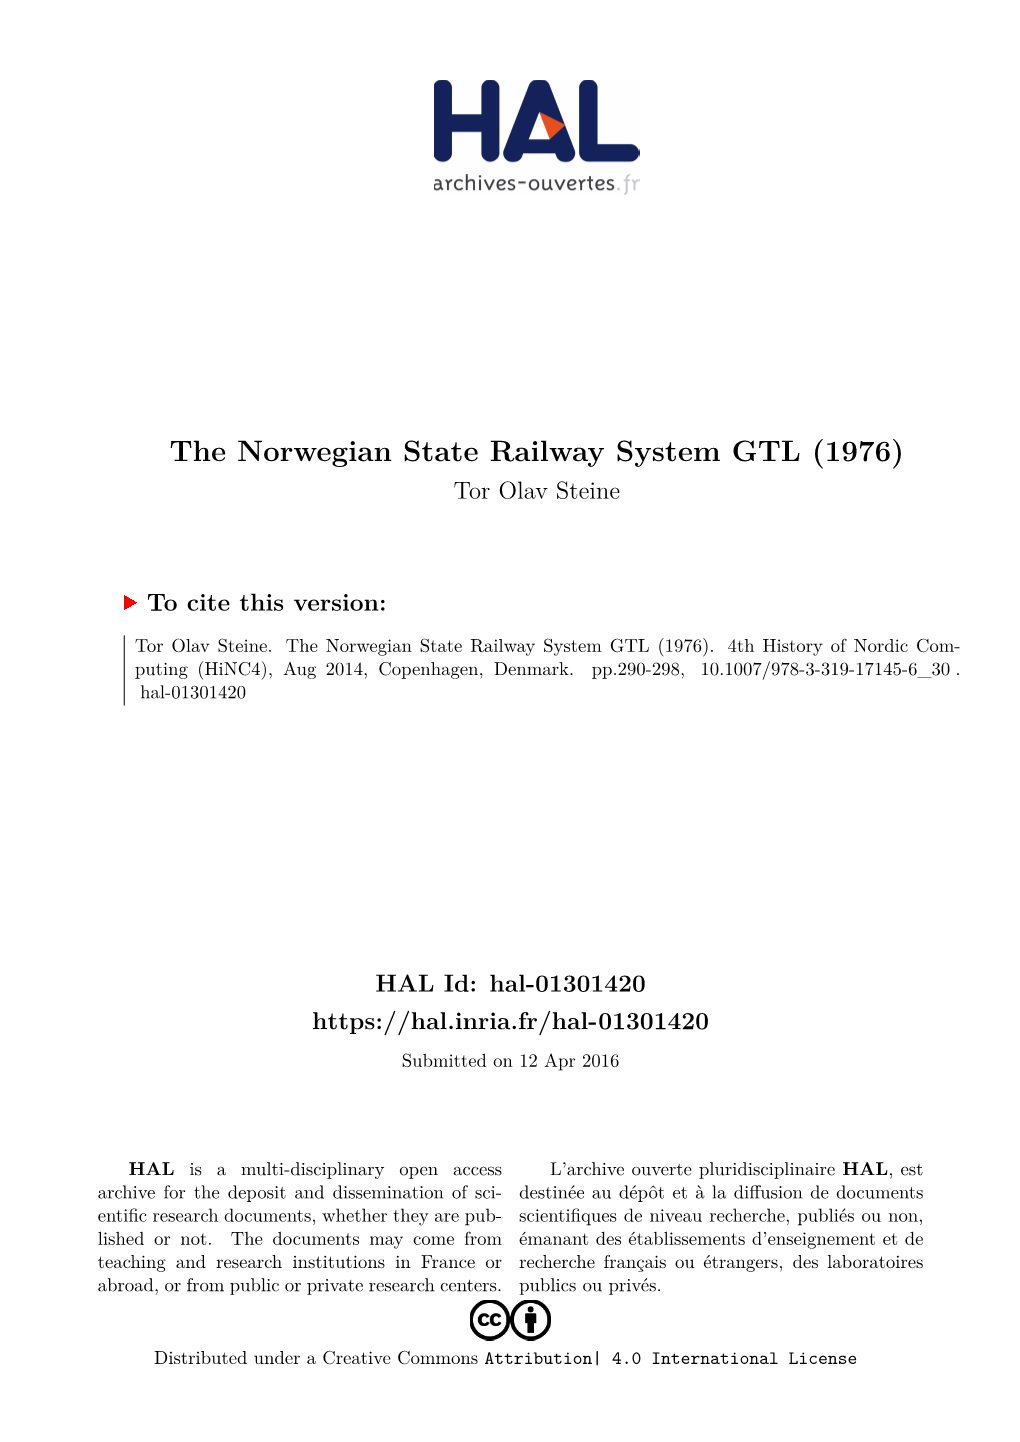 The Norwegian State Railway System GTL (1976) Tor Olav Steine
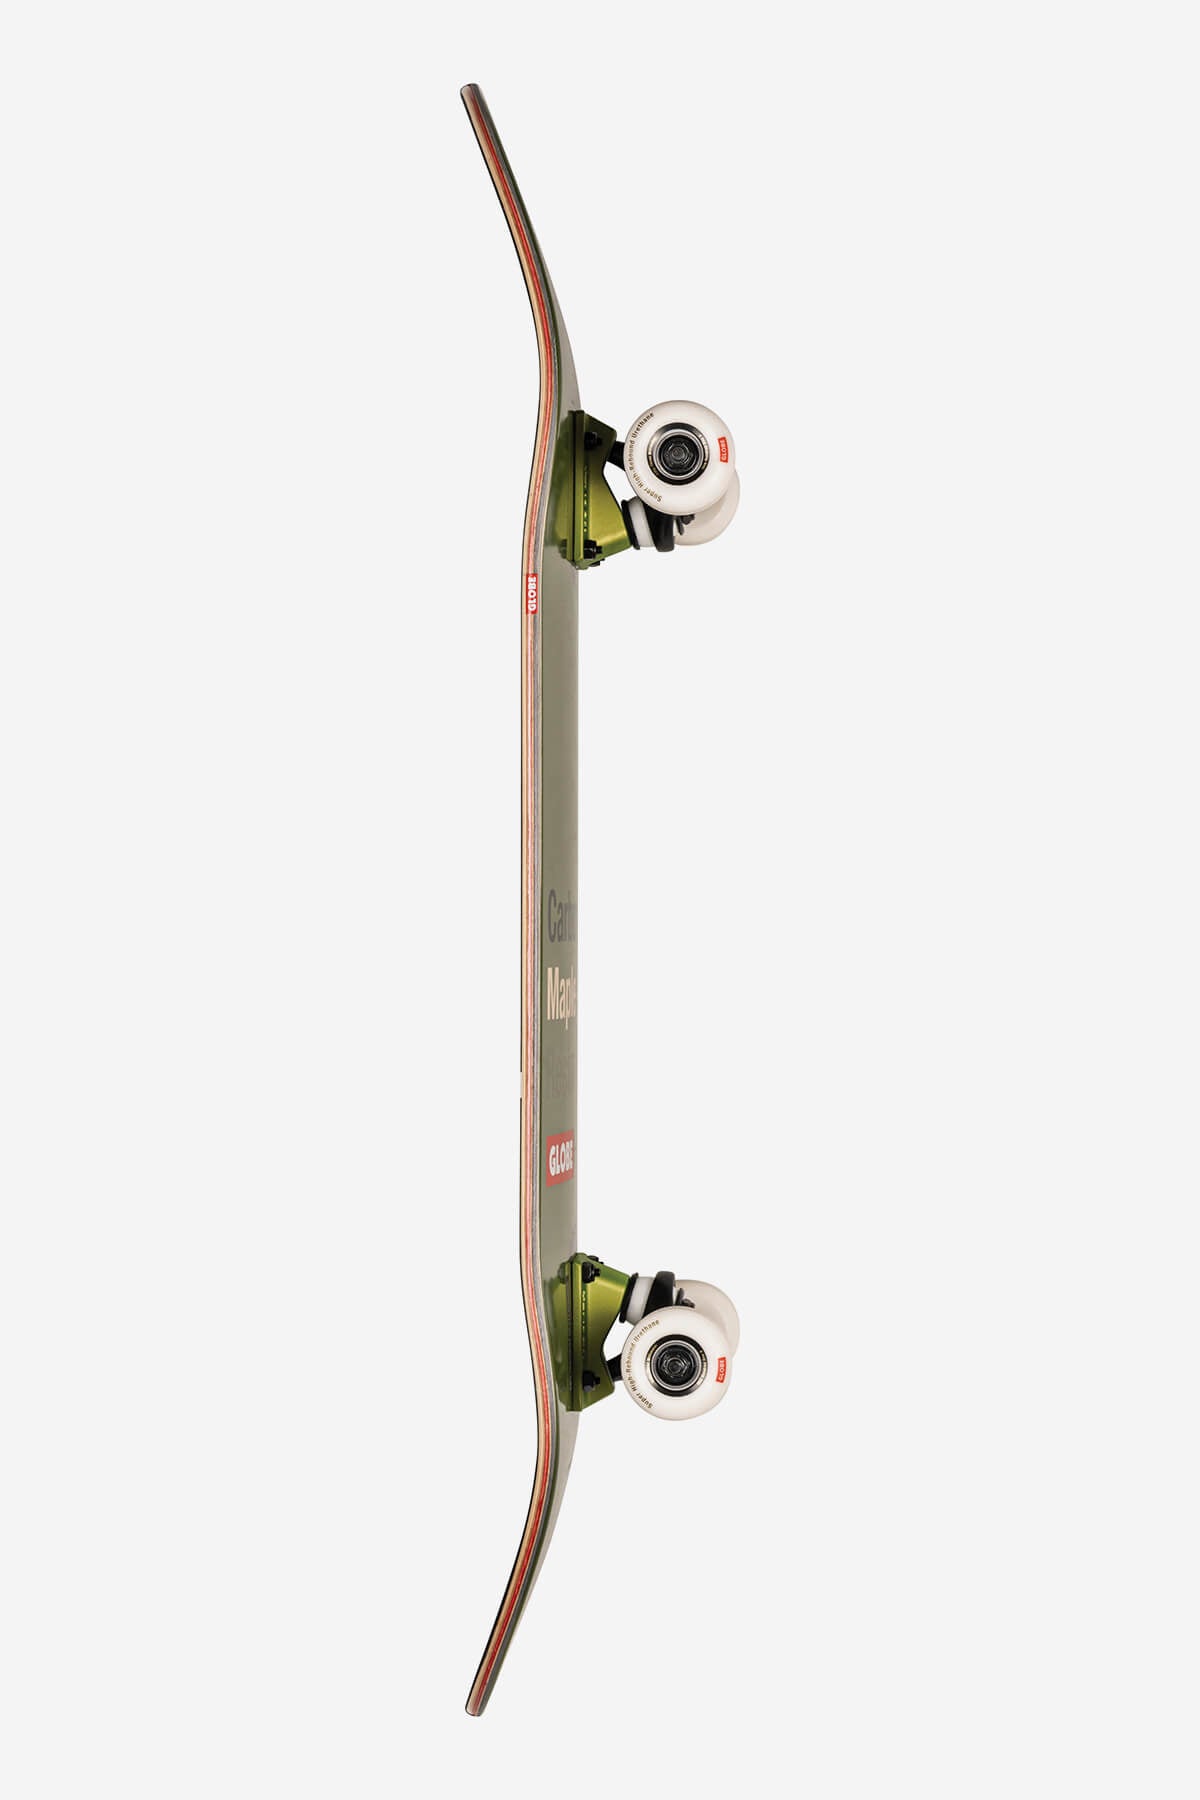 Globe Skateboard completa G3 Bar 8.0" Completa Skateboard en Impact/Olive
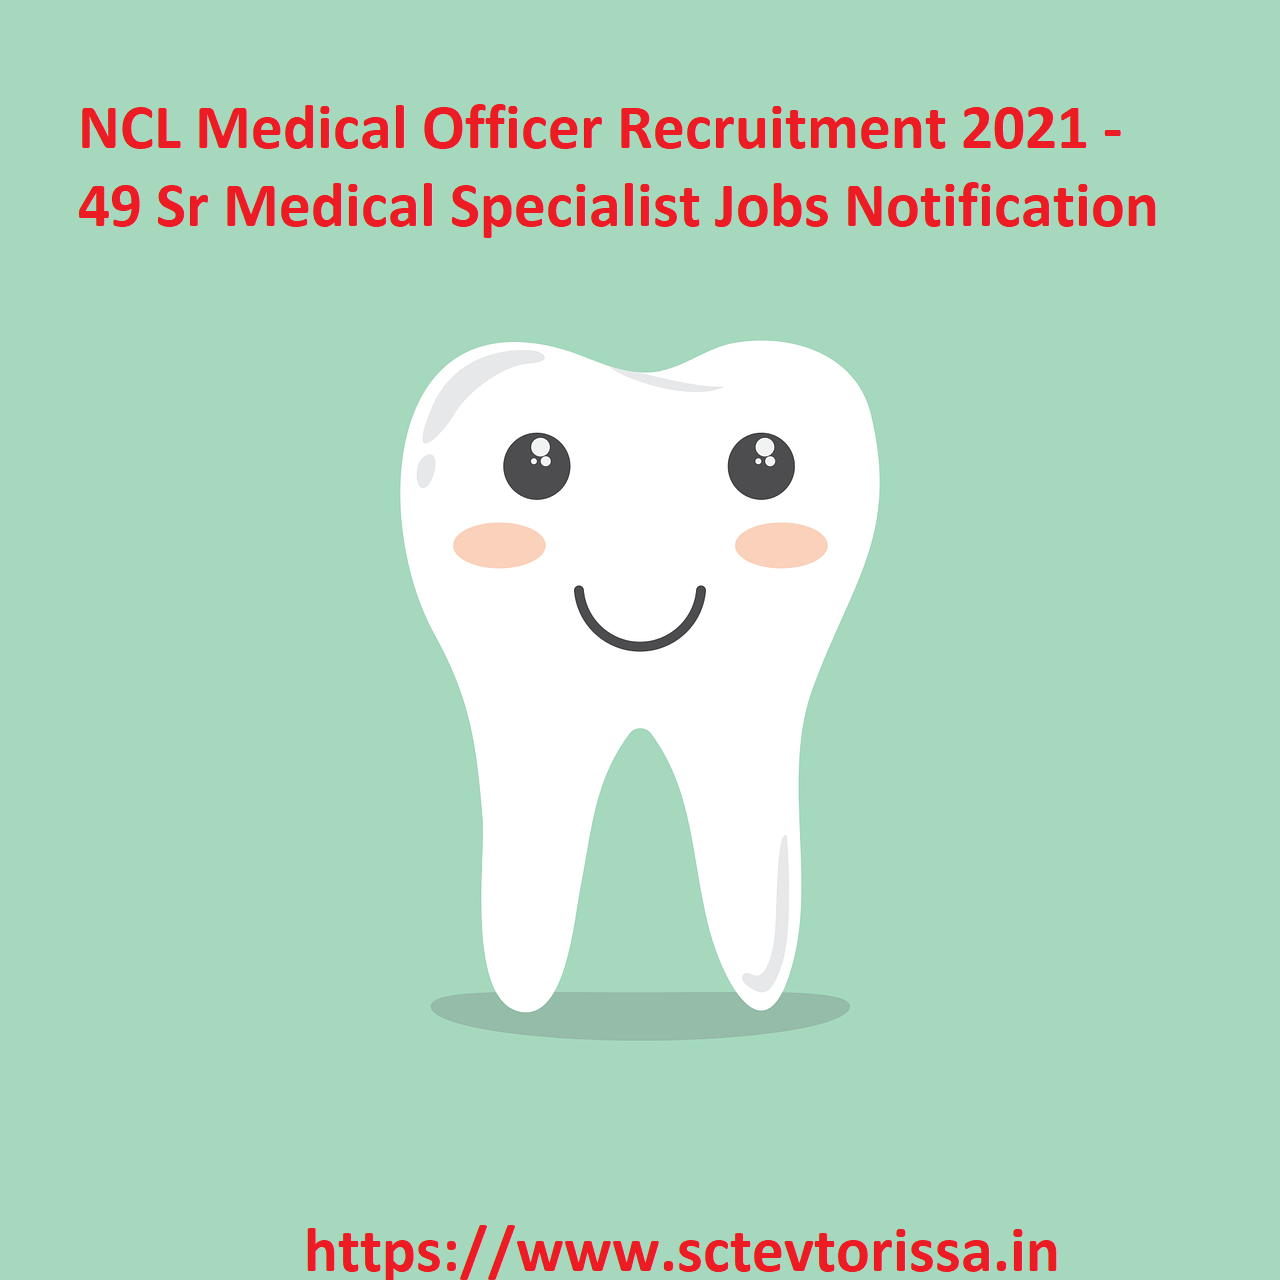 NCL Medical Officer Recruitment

# # # # #

Could you write out the whole listing exactly, dropping the pictures?

> **Output of the task**:
 The Norwegian State Railway System GTL (1976) Tor Olav Steine
 Globe Skateboard completa G3 Bar 8.0" Completa Skateboard en Impact/Olive
 NCL Medical Officer Recruitment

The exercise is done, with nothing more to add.